Go and chat to a life coach or executive coach

As everyone said, life is way too short to be stuck in a job you hate. That's no good for your family either

If you can find a way to start making changes, but in small steps, it will be more palatable for your family too. You could go to 4 days a week in the finance job maybe?

Just think how good you would be at a job you actually like!! You could earn wayyy more is my suspicion...

Good luck. go for it

blueshoes · 07/06/2023 21:38

Do you like hustling for work? I don't so will never go self-employed.

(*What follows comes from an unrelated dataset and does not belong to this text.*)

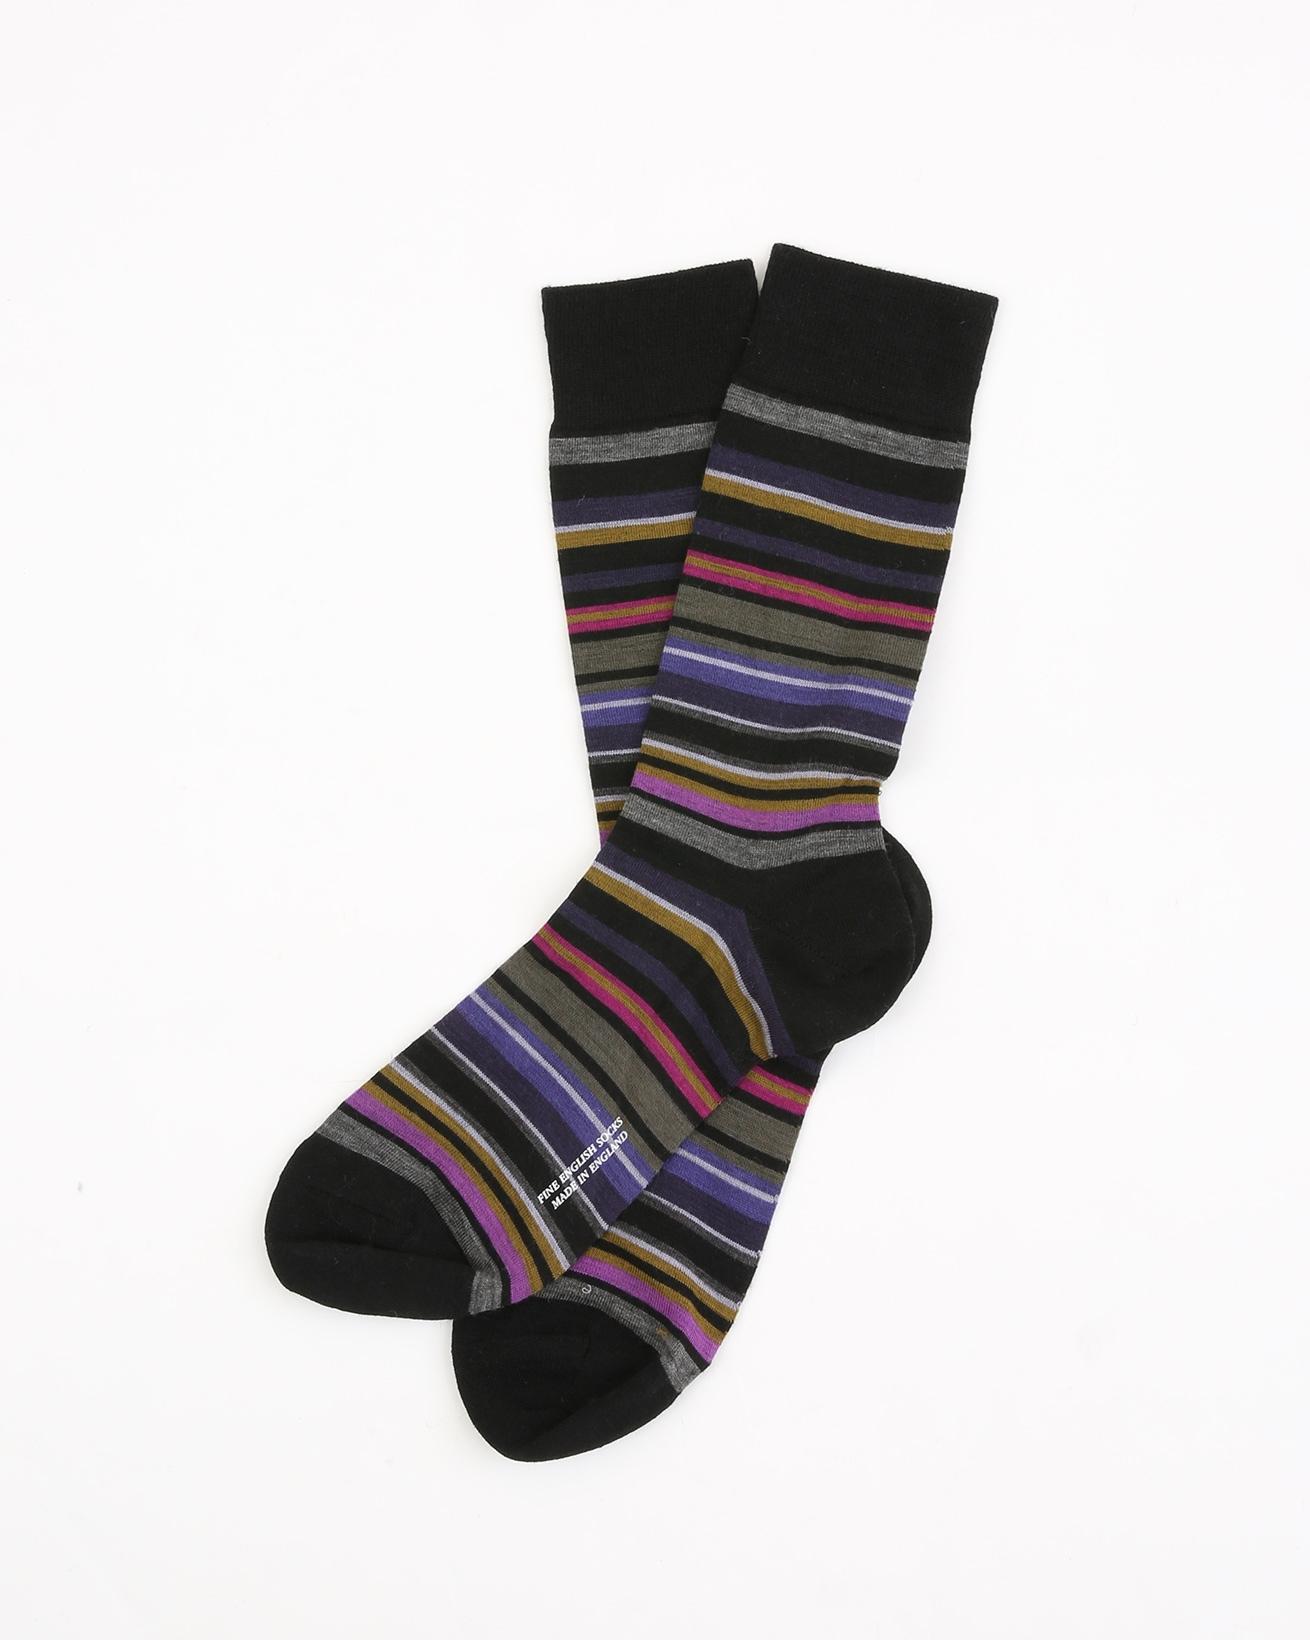 Mens Fine Merino Sock - Size Medium 7.5-9.5 - Black Multi - 1961

EffortlessDesmond · 07/06/2023 21:45

@blueshoes funnily enough, I really enjoyed the hustle for work. I know most don't but it was mostly enjoyable. Probably because I ended up getting most of what I wanted.

BeverlyBrook · 07/06/2023 21:49

This is so exciting! Go for it!

Miajk · 07/06/2023 23:13

As someone who hates working in marketing I would first consider what you dislike about your current job and what you like about it, then decide how to proceed.

I hate marketing because it's:

  • fluffy
  • has no barrier to entry, everyone and their dog think they can do marketing
  • clients are a nightmare and always looking to get it done cheaper, because there's always some 20year old willing to do it cheaper
  • people expect one marketer to be an expert on data, graphic designer, social media manager, SEO guru, paid media expert, and more
  • work life balance can be awful, but that very much depends on where you work & your role
  • no clear career progression

I earn around 50k working in marketing but I'm so unhappy I'm seriously considering a large paycut.

AuntieObnoxious · 07/06/2023 23:40

I career changed at 50, from a high stress IT manager role to a secondary computing teacher. I wish I’d done it earlier. Our mortgage is paid off and that makes a huge difference, no money worries. The stress is there but it’s different stress and the job satisfaction makes it worthwhile. Go for it.